Importantly, Sox2-EGFP+ cells could be expanded in adherent conditions for at least 12 passages, and retained the ability to differentiate into both neuronal and astroglial cells. However, no oligodendrocytes were observed. The FoxG1/Sox2 iNPCs also demonstrated self-renewal potential and consisted mostly of neuron-restricted progenitor cells and some neuron/astroglial-restricted bipotent precursor cells, but again, no astroglial-restricted progenitors and no cells with oligodendroglial differentiation potential were observed.
This apparent inability of the FoxG1/Sox2 mix to generate cells that could differentiate into oligodendrocytes led the team to investigate whether an additional factor might be able to induce a tripotent NPC population that could differentiate into neurons, glial cells, and oligodendrocytes. They thus screened the other nine of the transcription factor candidates in combination with FoxG1 and Sox2. “Strikingly, O4+ cells with a typical oligodendrocytic morphology could be produced only from the EGFP+ population generated with the addition of Brn2,” they write. And encouragingly, the resulting population of FoxG1/Sox2/Bm2 Sox2-EGFP+-sorted cells also had the potential to differentiate into GFP+ astrocytes and Tuji1+/MAP2+ neurons, “suggesting that all three cell types of the central nervous system could be derived from this three-factor population.”
Interestingly, further experimentation showed that cells infected with FoxG1 and Brn2 alone could generate a Sox2-EGFP+ population that was capable of differentiating into oligodendrocyte-like cells in vitro and also in vivo in experimental Shiverer mice. In these animals, the iNPC-derived oligodendrocytes behaved similarly to oligodendrocytes derived from endogenous neural progenitor cells, and appropriately myelinating axons of the developing brain. Transduction of FoxG1 and Bm2 alone was also enough to produce iNPCs capable of differentiating into astrocytes. However, further in vitro studies and electrophysiological tests demonstrated that Sox2 was an absolute requirement for the differentiation of iNPCs into mature neurons under standard conditions.

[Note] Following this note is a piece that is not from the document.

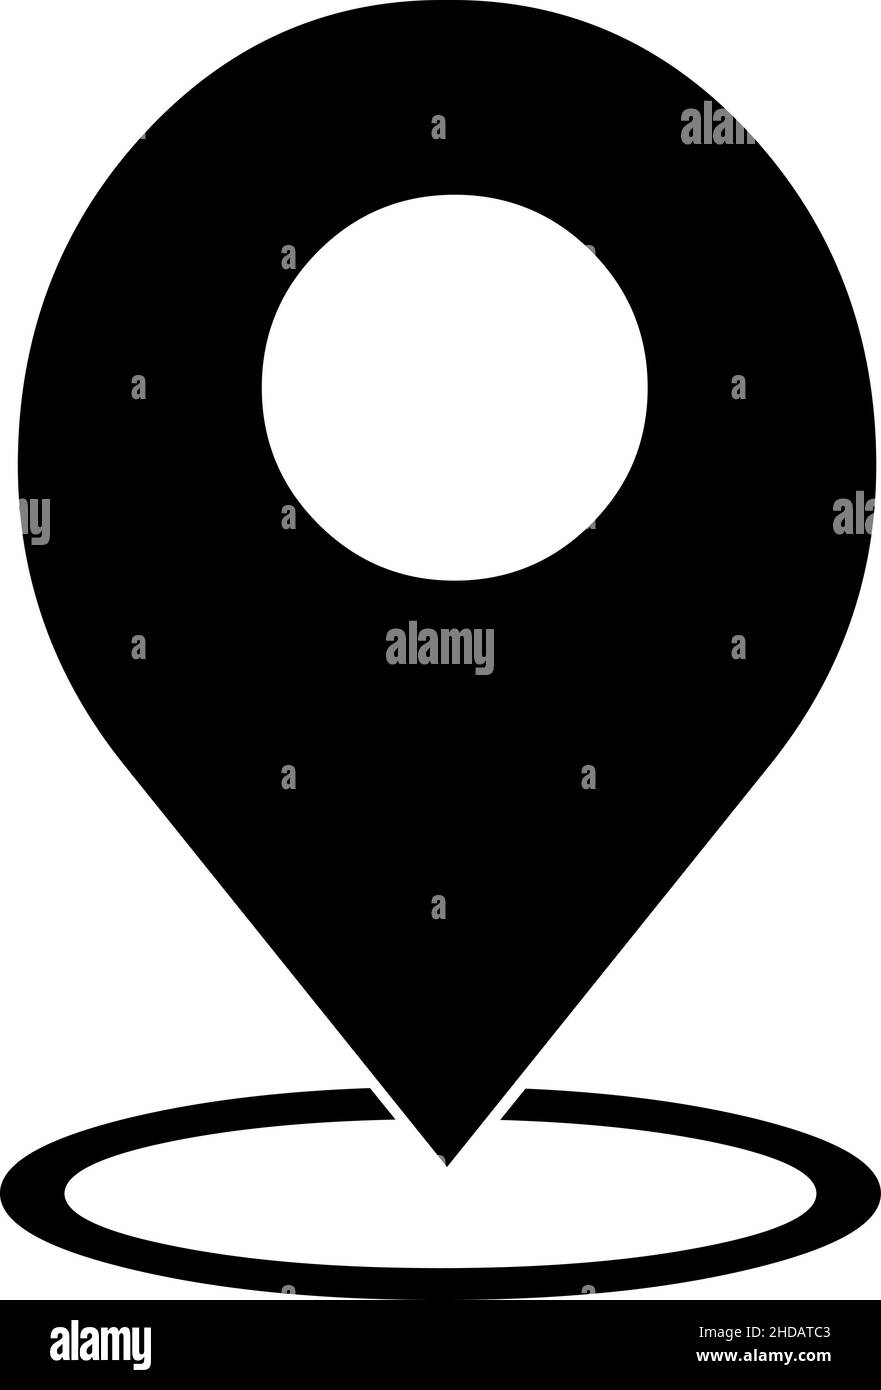 Illustrazione vettoriale della silhouette nera dell'icona gps (Global Positioning System) Illustrazione Vettoriale
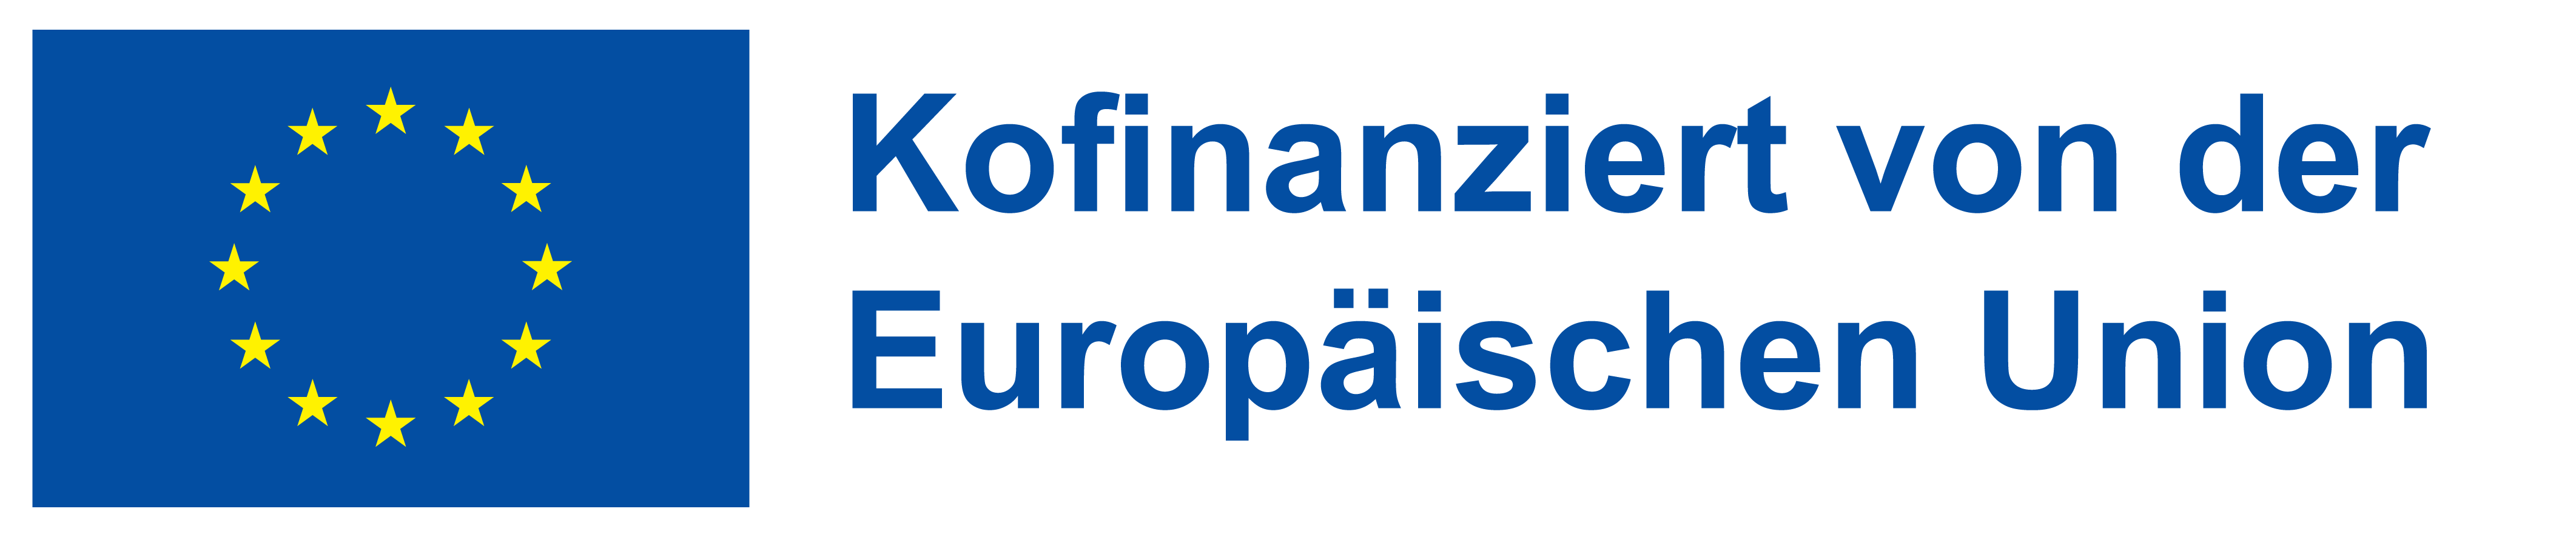 Europafahne, daneben Text in blauer Schrift: Kofinanziert von der Europäischen Union

The ability to trigger fibroblasts to generate iNPCs that subsequently differentiate into neurons could have advantages over the direct conversion of fibroblasts into post-mitotic neuronal or glial cells, the Stanford team states. The ability of iNPCs to self-renew and expand over many passages will facilitate applications requiring large numbers of cells, such as drug screening or cell-transplantation therapies. This route also allows the generation of clonal populations that should lead to homogeneous populations of cells that can be more easily characterized than those from conversion of mixed fibroblasts. And, they remark, “unlike iPS cell or transient dedifferentiation, no overt oncogenes, such as c-Myc, or any other specific pluripotency factors are required to produce iNPCs.”